**Data**
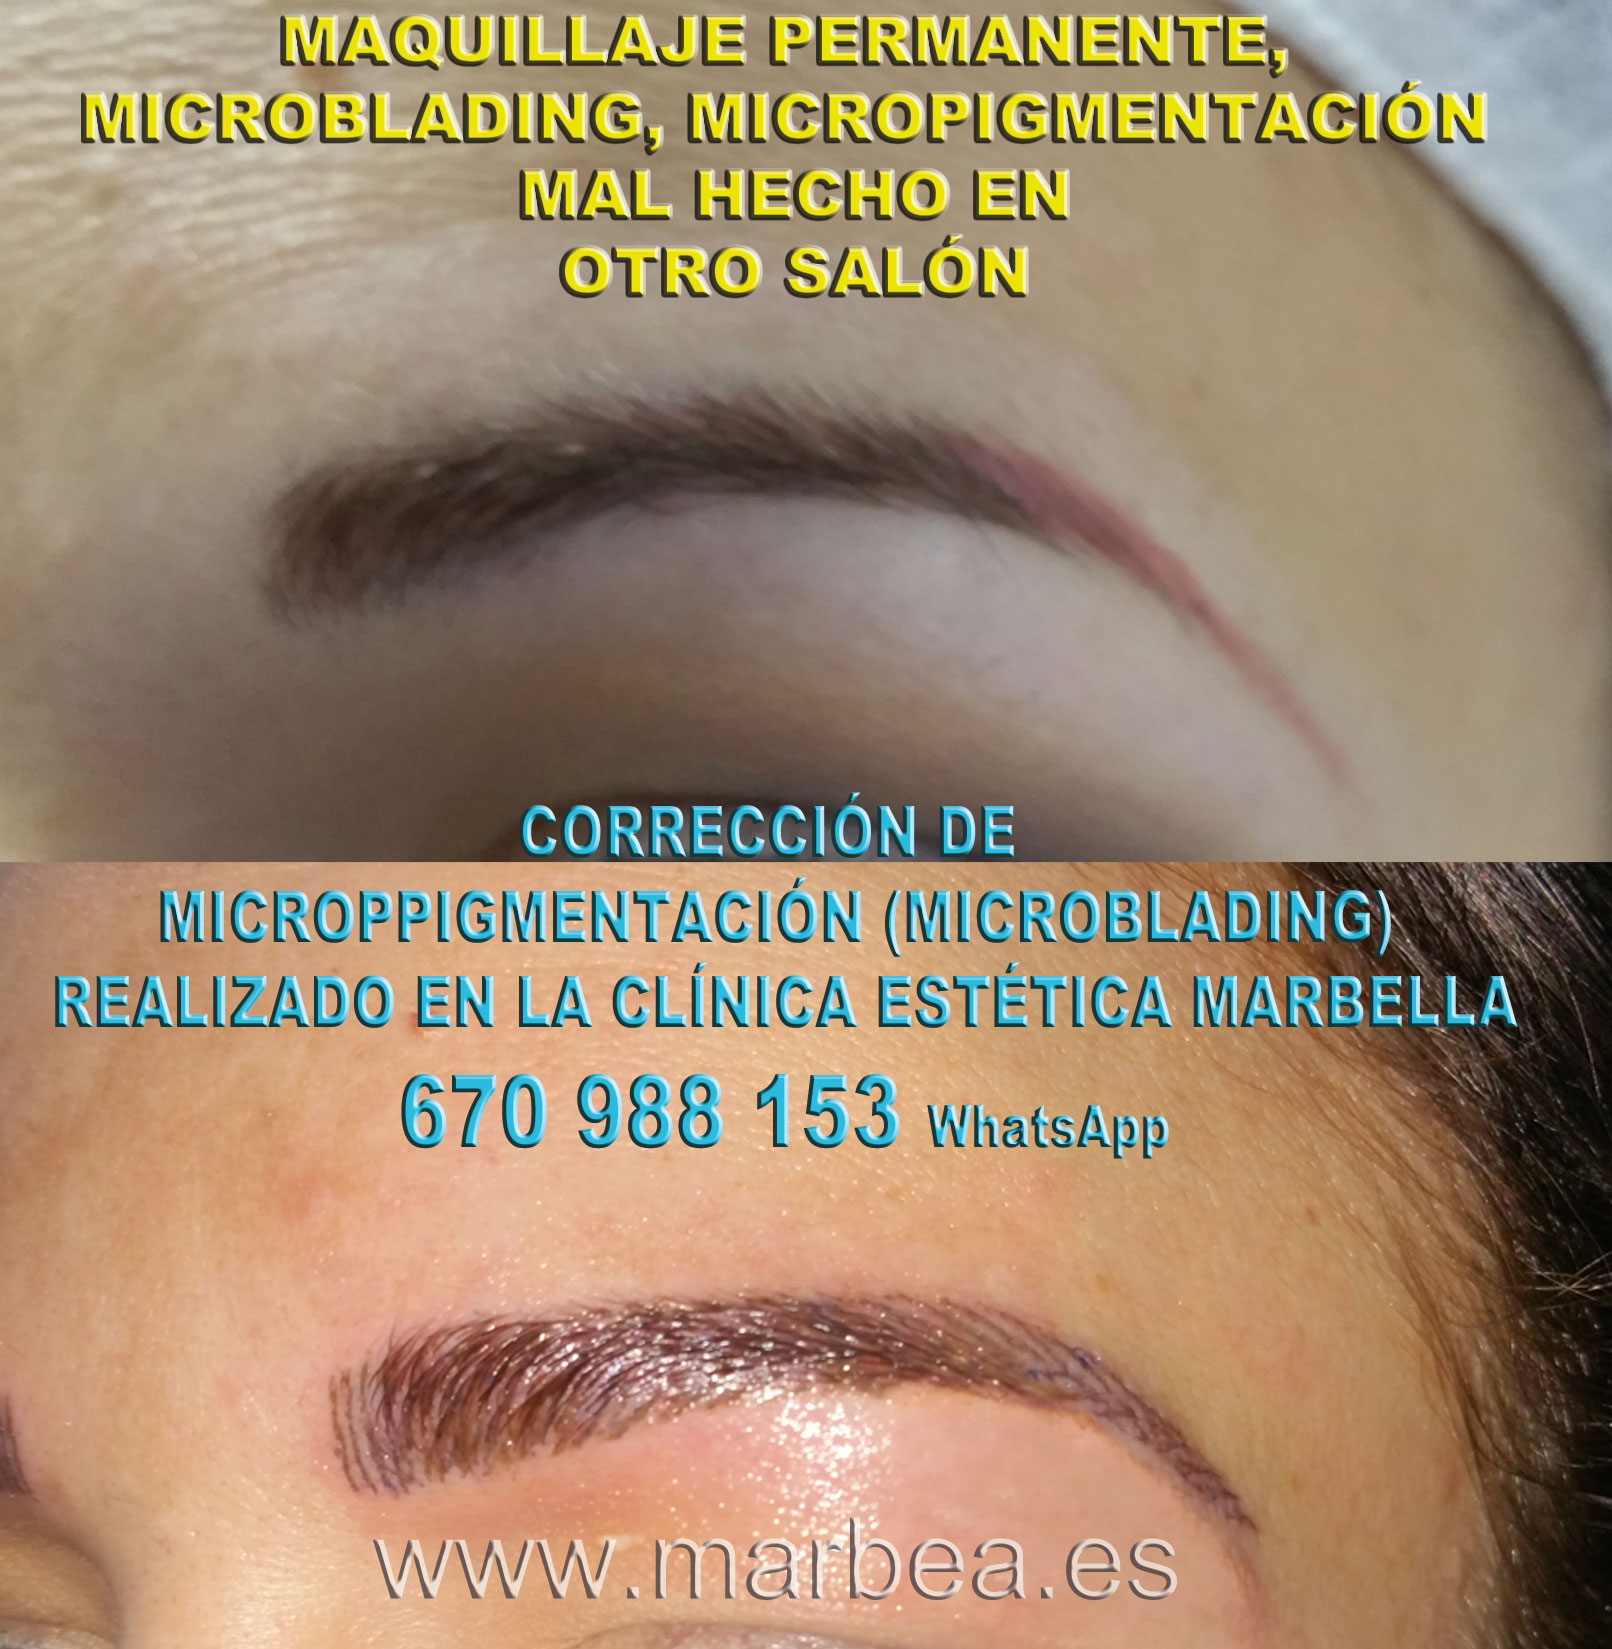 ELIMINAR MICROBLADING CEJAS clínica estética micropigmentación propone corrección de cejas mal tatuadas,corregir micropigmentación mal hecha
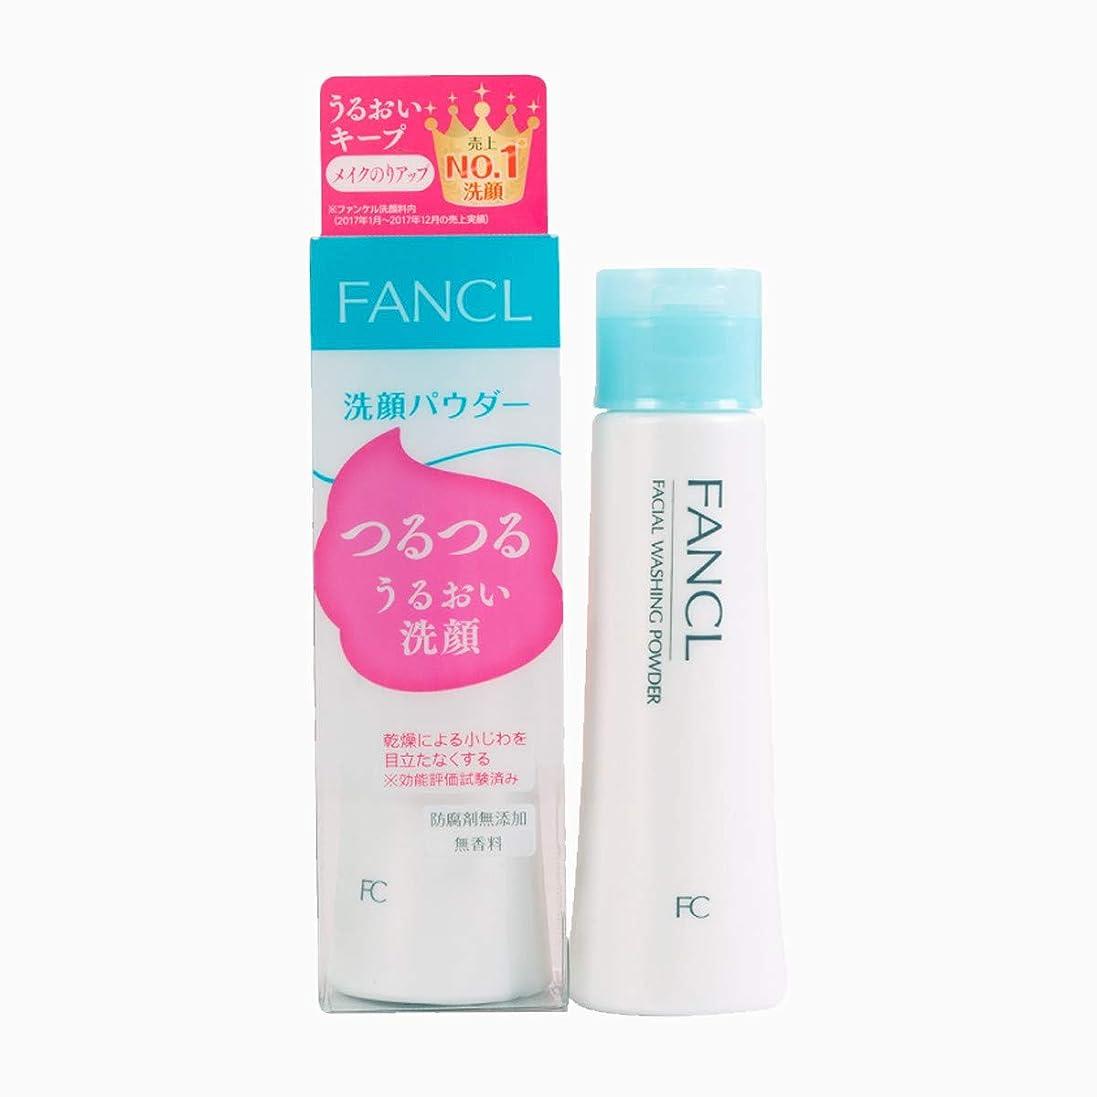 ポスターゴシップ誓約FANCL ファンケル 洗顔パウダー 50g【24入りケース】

* * *

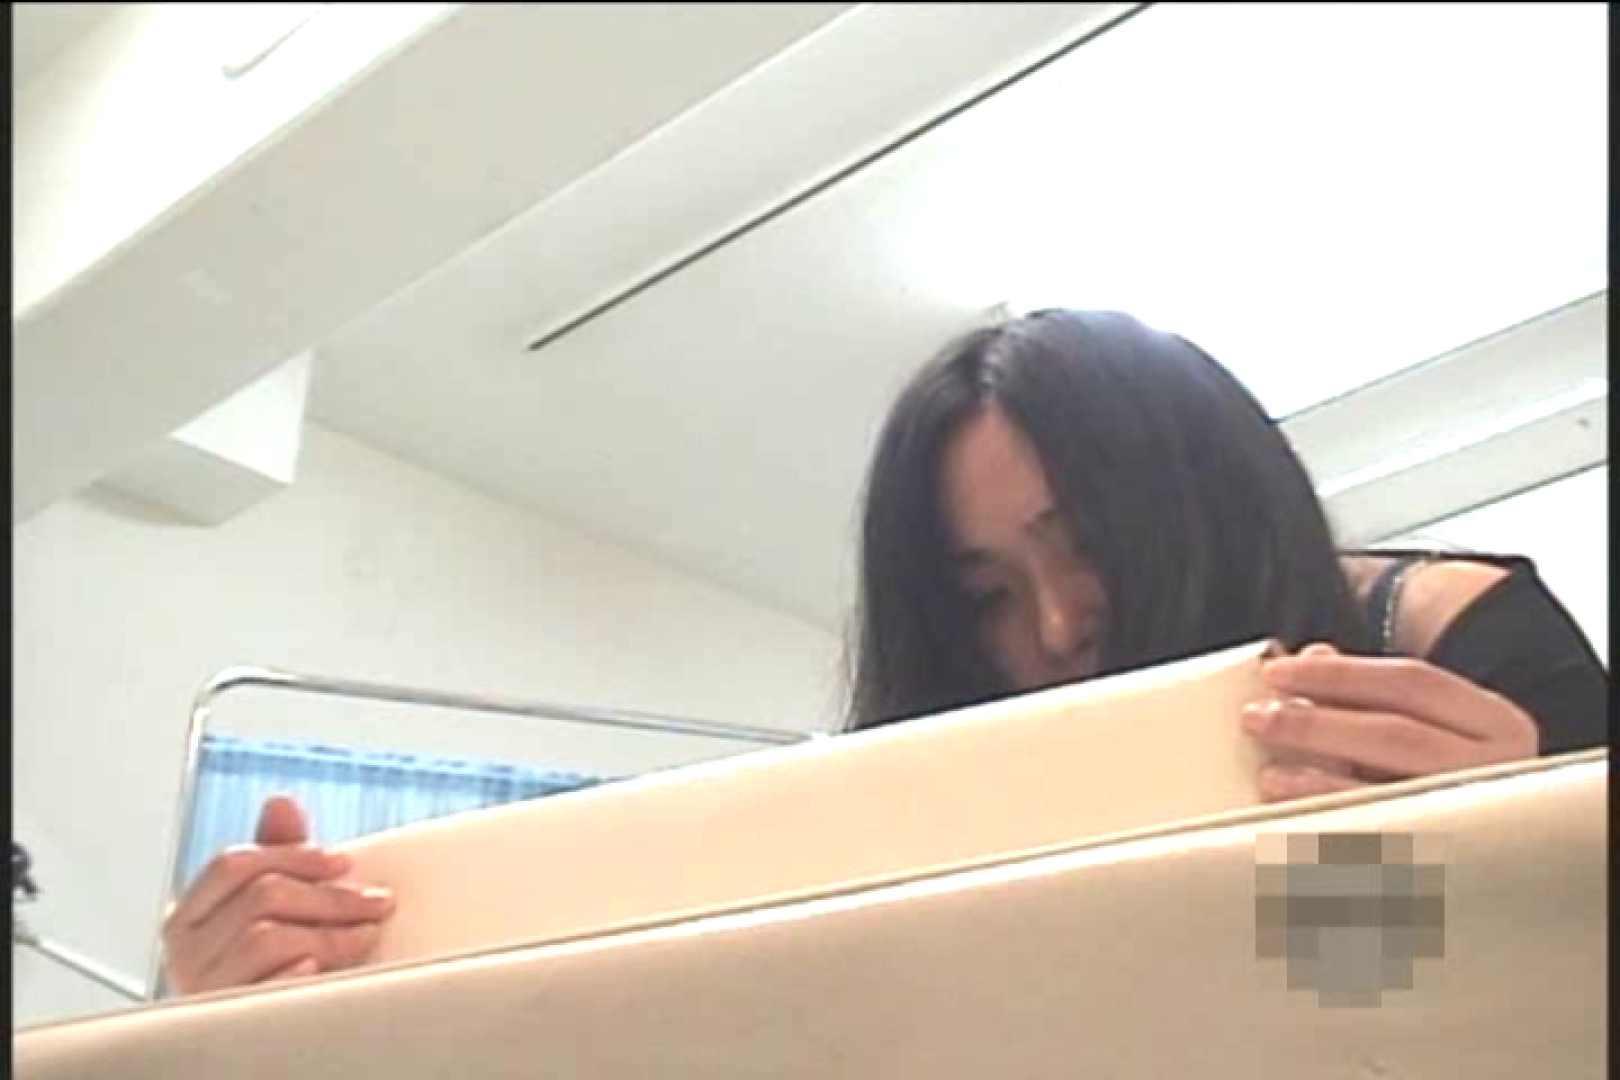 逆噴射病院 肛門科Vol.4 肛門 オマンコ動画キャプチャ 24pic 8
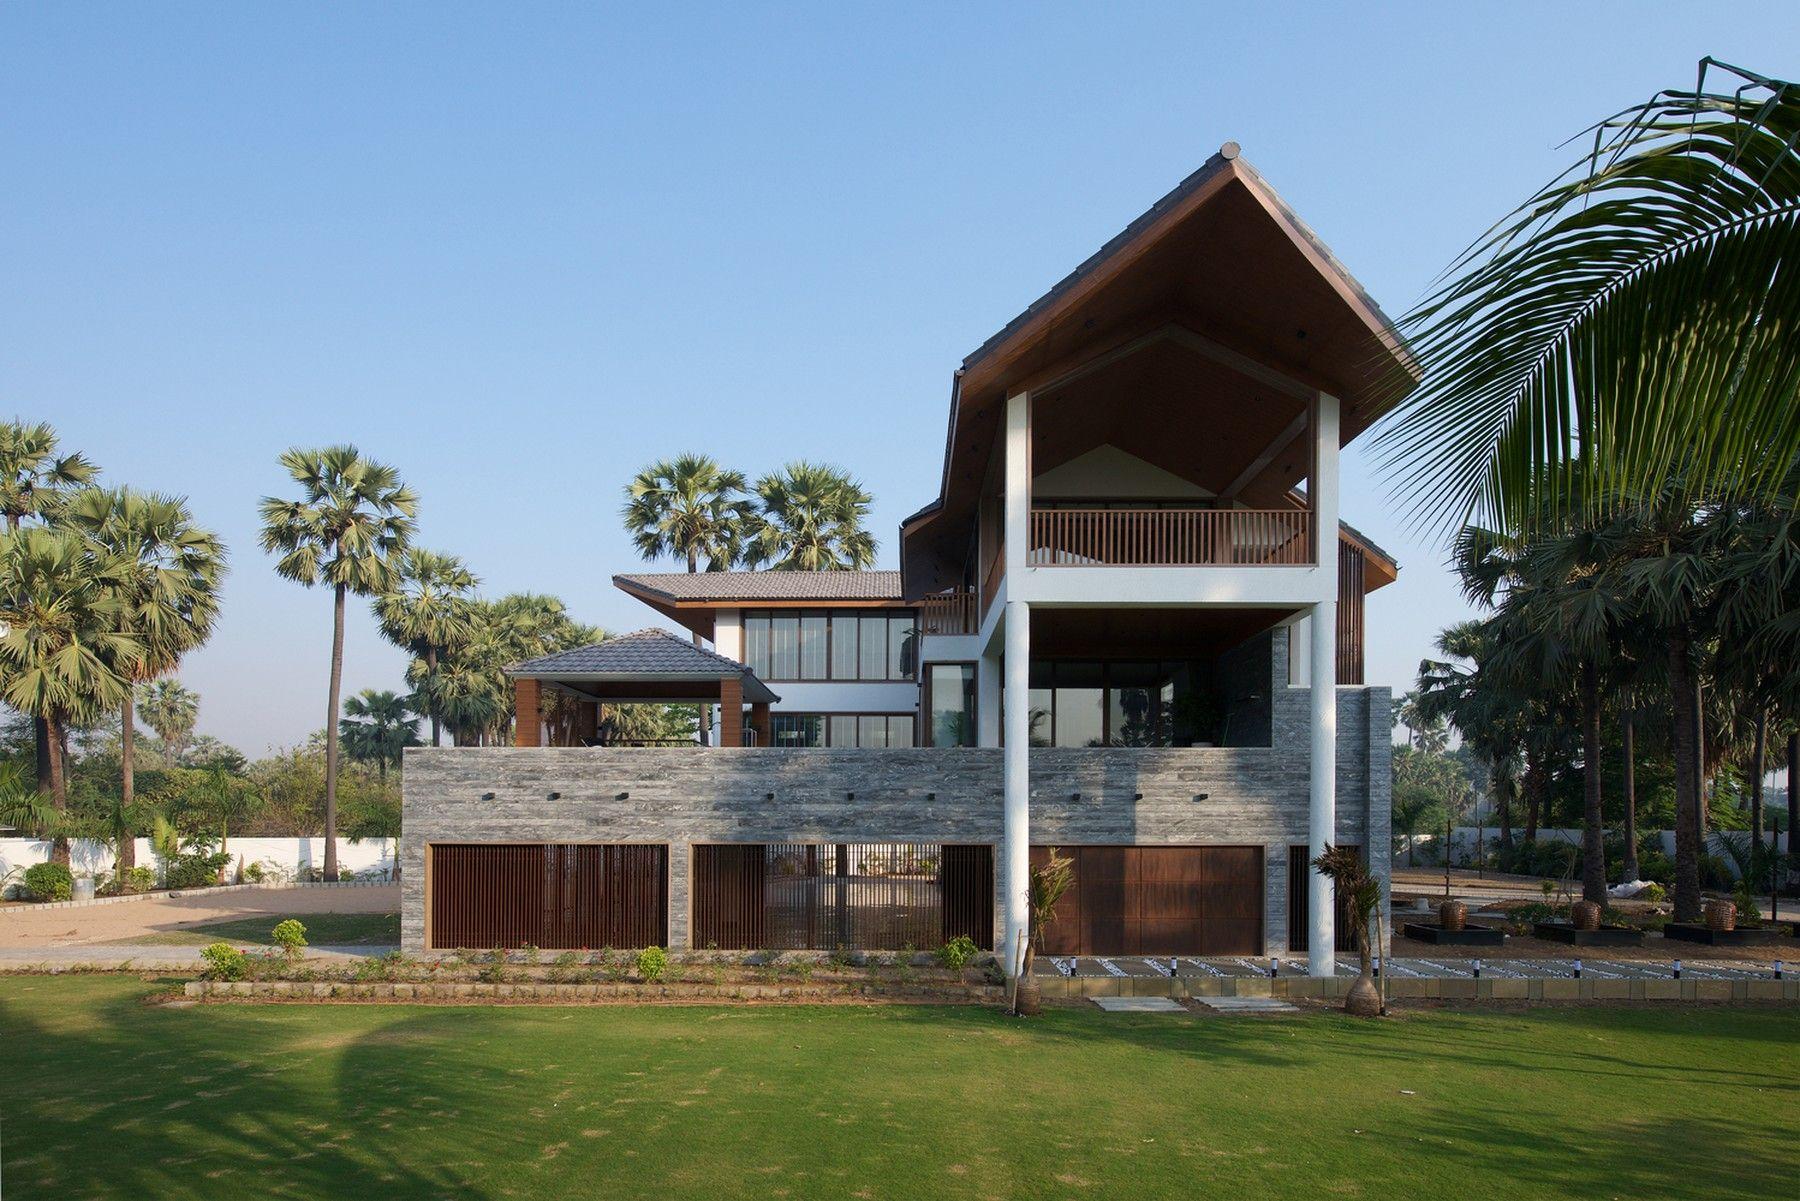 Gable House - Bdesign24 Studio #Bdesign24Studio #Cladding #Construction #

**What to work on**
Starting with the line that has "ELIMINAR MICROBLADING CEJAS" and going on through the line that has "ポスターゴシップ誓約FANCL ファンケル 洗顔パウダー 50g【24入りケース】", transcribe the records above exactly, but skip the pictures.

**Exercise result**
 ELIMINAR MICROBLADING CEJAS clínica estética micropigmentación propone corrección de cejas mal tatuadas,corregir micropigmentación mal hecha
 ポスターゴシップ誓約FANCL ファンケル 洗顔パウダー 50g【24入りケース】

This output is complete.